Molto prima, il sei giugno prossimo, si terrà l'udienza di discussione dell'istanza con cui lo stesso Lusi ha chiesto spontaneamente di essere obbligato al pagamento di quanto richiesto dalla Corte dei Conti, "senza che ciò costituisca riconoscimento di alcuna responsabilità civile, erariale o penale". Con più atti, di cui l'ultimo depositato il 14 febbraio scorso, Lusi si è dichiarato definitivamente disponibile a devolvere allo Stato "tutte le consistenze, mobiliari ed immobiliari, del predetto compendio patrimoniale che coprirebbe l'intero danno al medesimo contestato". Una mossa con cui l'ex senatore Pd si propone "orgogliosamente" come il primo tesoriere a restituire il patrimonio di un partito in favore dello Stato.

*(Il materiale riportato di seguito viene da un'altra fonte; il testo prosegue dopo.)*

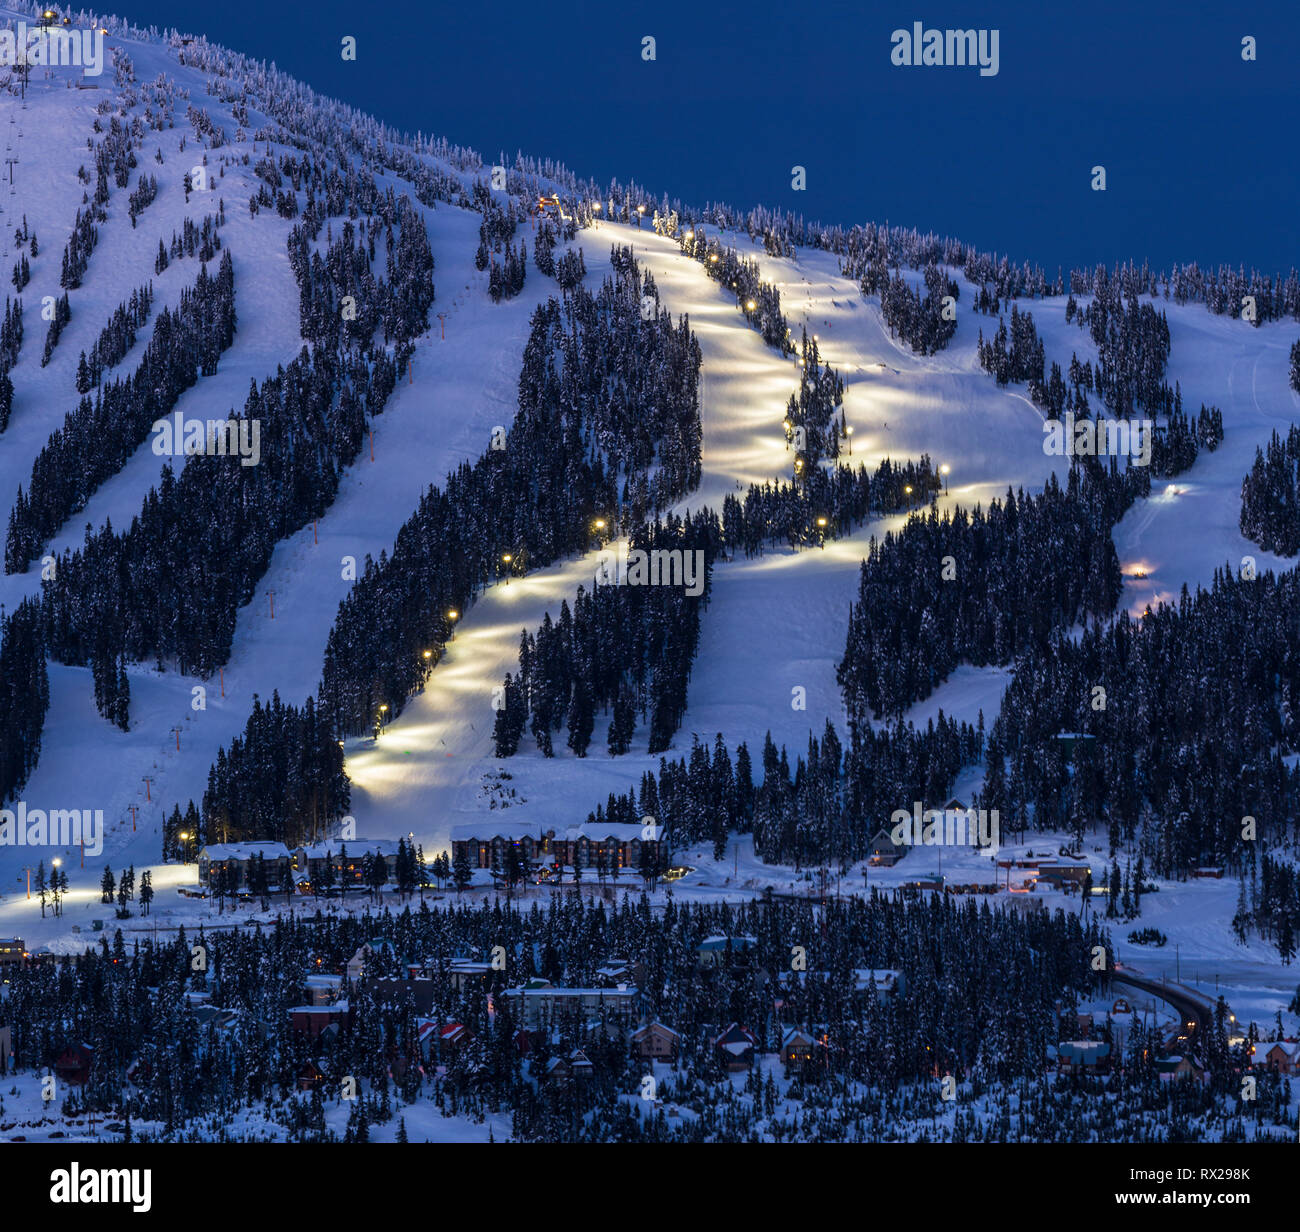 El esquí nocturno se ilumina en la estación de esquí de Mount Washington mientras el atardecer se asienta en la popular estación de esquí de la isla de Vancouver, el valle Comox, la isla de Vancouver, la Columbia Británica, Canadá. Foto de stock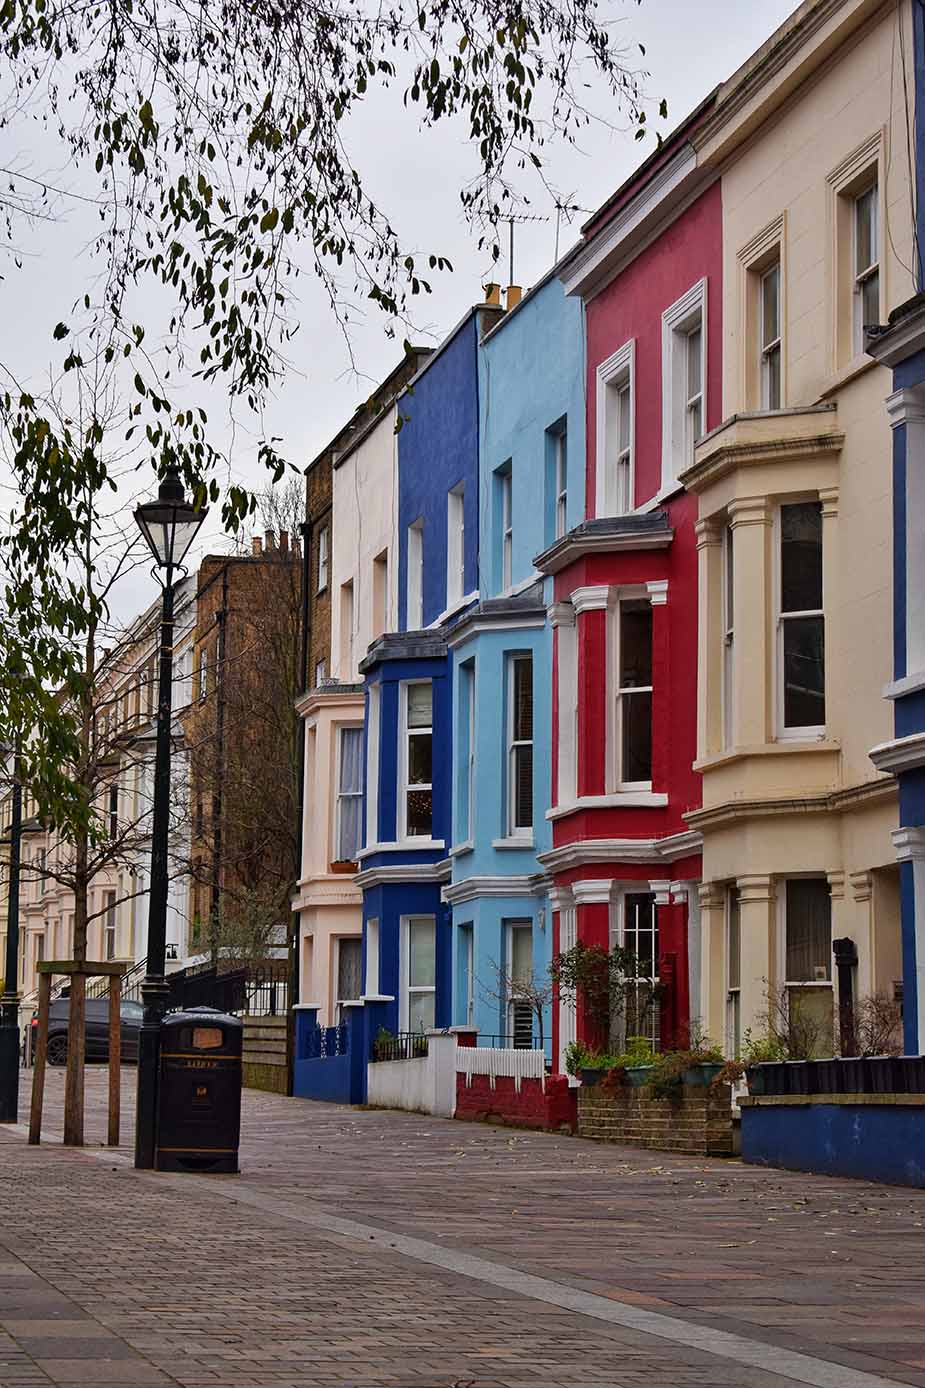 Gekleurde huizen in Notting Hill

Senza negarsi la soddisfazione implicita di rifilare l'ultimo schiaffo all'ex amico Rutelli, che quei soldi avrebbe voluto recuperarli e restituirli in prima persona ai cittadini italiani.

"E' noto che La Margherita, nell'assemblea federale del 16 giugno 2012, ha deliberato irrevocabilmente di "donare" tutti i beni di sua proprietà allo Stato inclusi quelli rivenienti dalle azioni giudiziarie in corso", è la replica prontissima del Collegio dei Revisori del partito confluito nel Pd. "Se, quindi, non vi è alcun dubbio circa la destinazione finale allo Stato di tutte le risorse de La Margherita, nutriamo la preoccupazione che il conflitto, che rischia di aprirsi, tra i diversi organi giurisdizionali dello Stato, penale, civile e amministrativo, possa essere utilizzato dal Lusi unicamente al fine di eludere o ritardare la restituzione dei beni".